Download the latest aarch64 (non-portable) binary from https://github.com/sigp/lighthouse/releases to the EC2 instance.
Attach the EBS volume to this instance:
AWS_DEFAULT_REGION=us-west-2 aws ec2 attach-volume \
--device sdf \
--instance-id {FILL IN} \
--volume-id {FILL IN}
and make it available for use.
Mount the Lighthouse data dir:
sudo mkdir /mnt/consensus-persistent-storage
sudo mount /dev/sdf /mnt/consensus-persistent-storage
Start Lighthouse beacon node, preferably using checkpoint sync.
Use the following command-line arguments for logging:
--logfile-debug-level info \
--log-format JSON \
--logfile ~/lighthouse-bn-logs/current.log \
--logfile-max-number 10 \
--logfile-max-size 10 \
Download the latest aarch64 (non-portable) binary from https://github.com/sigp/lighthouse/releases to the EC2 instance.
I choose to not store my validator key on EBS. Thus, each time I set up the machine, I upload the key to a fresh EC2 instance. With this approach, the validator needs only ephemeral storage for its data dir.
After following the generic EC2 setup directions above, upload and import your validator key.
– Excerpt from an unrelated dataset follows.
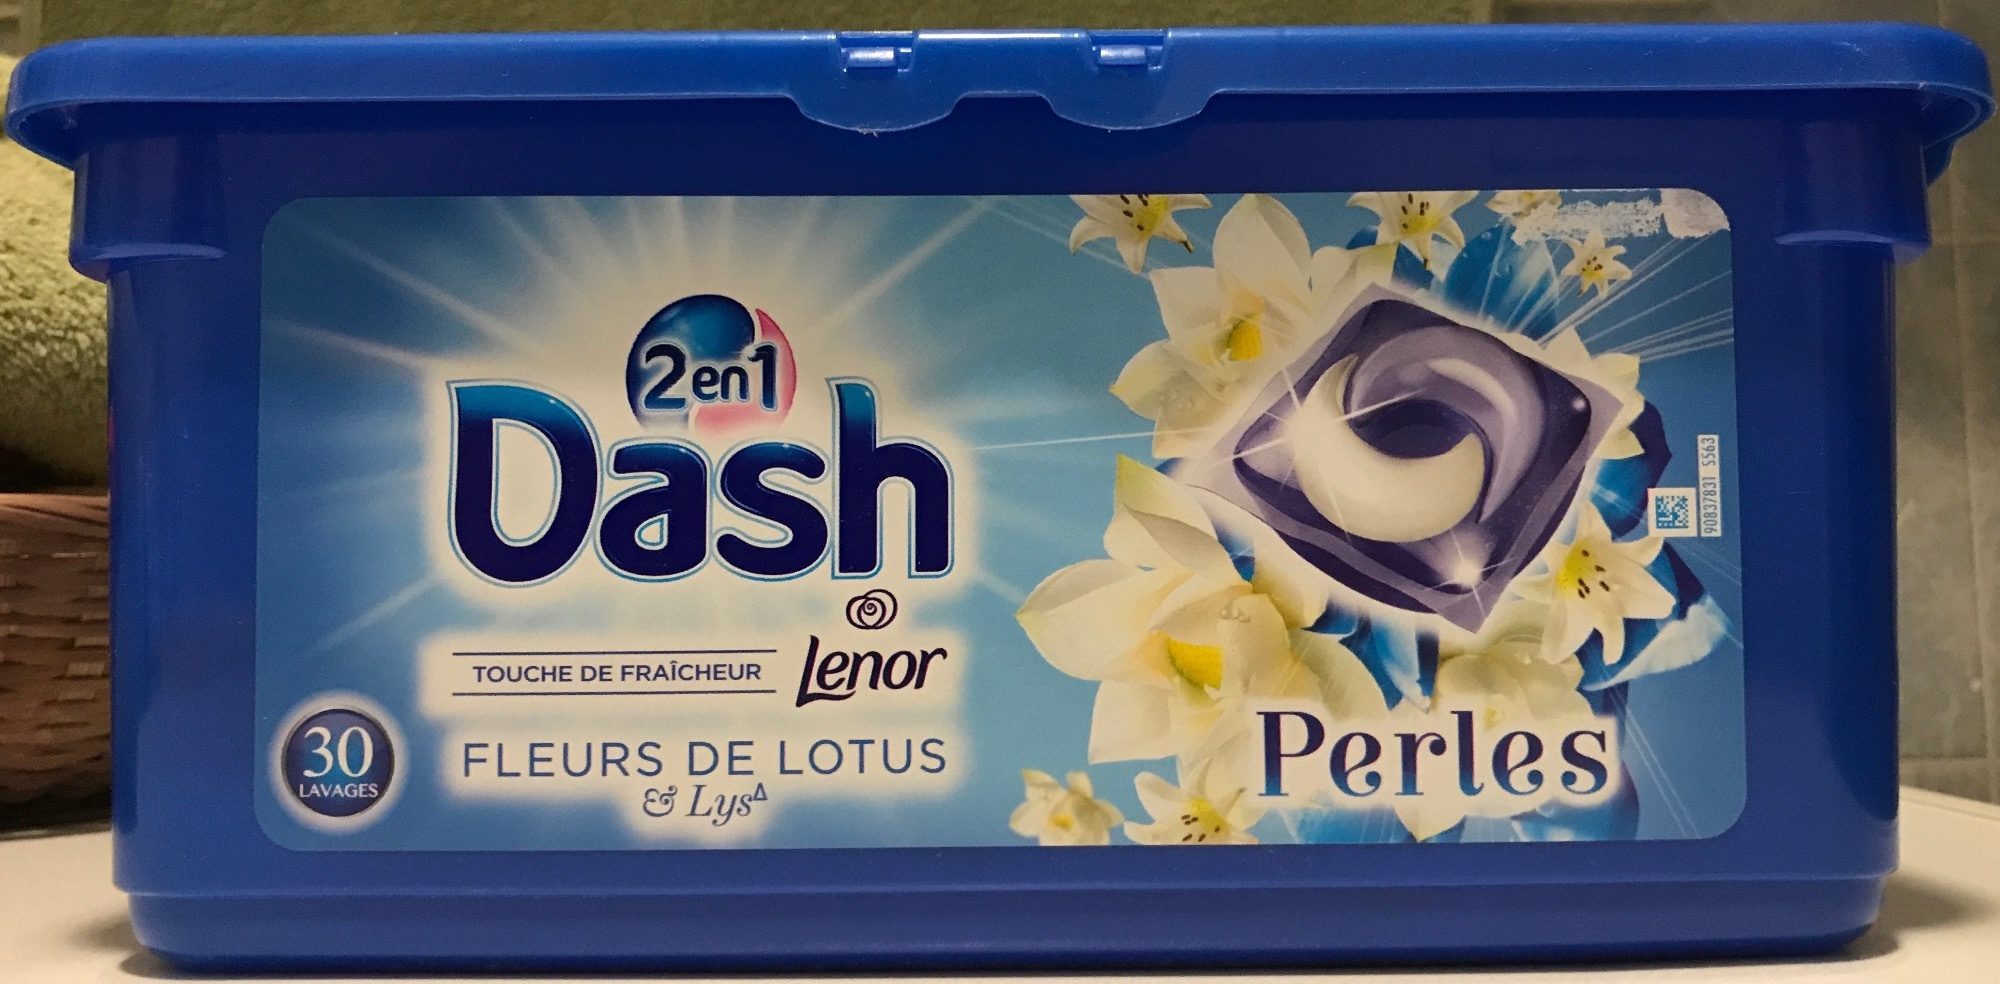 Dash 2 en 1 Touche de fraîcheur Perles Fleurs de Lotus & Lys - Produit - fr

Use the following command-line arguments for logging:
--logfile-debug-level info \
--log-format JSON \
--logfile ~/lighthouse-vc-logs/current.log \
--logfile-max-number 10 \
--logfile-max-size 10 \
Then start Lighthouse validator node!
If you have your CloudWatch agent set up on EC2 as per instructions above, then you should have a working dashboard in CloudWatch.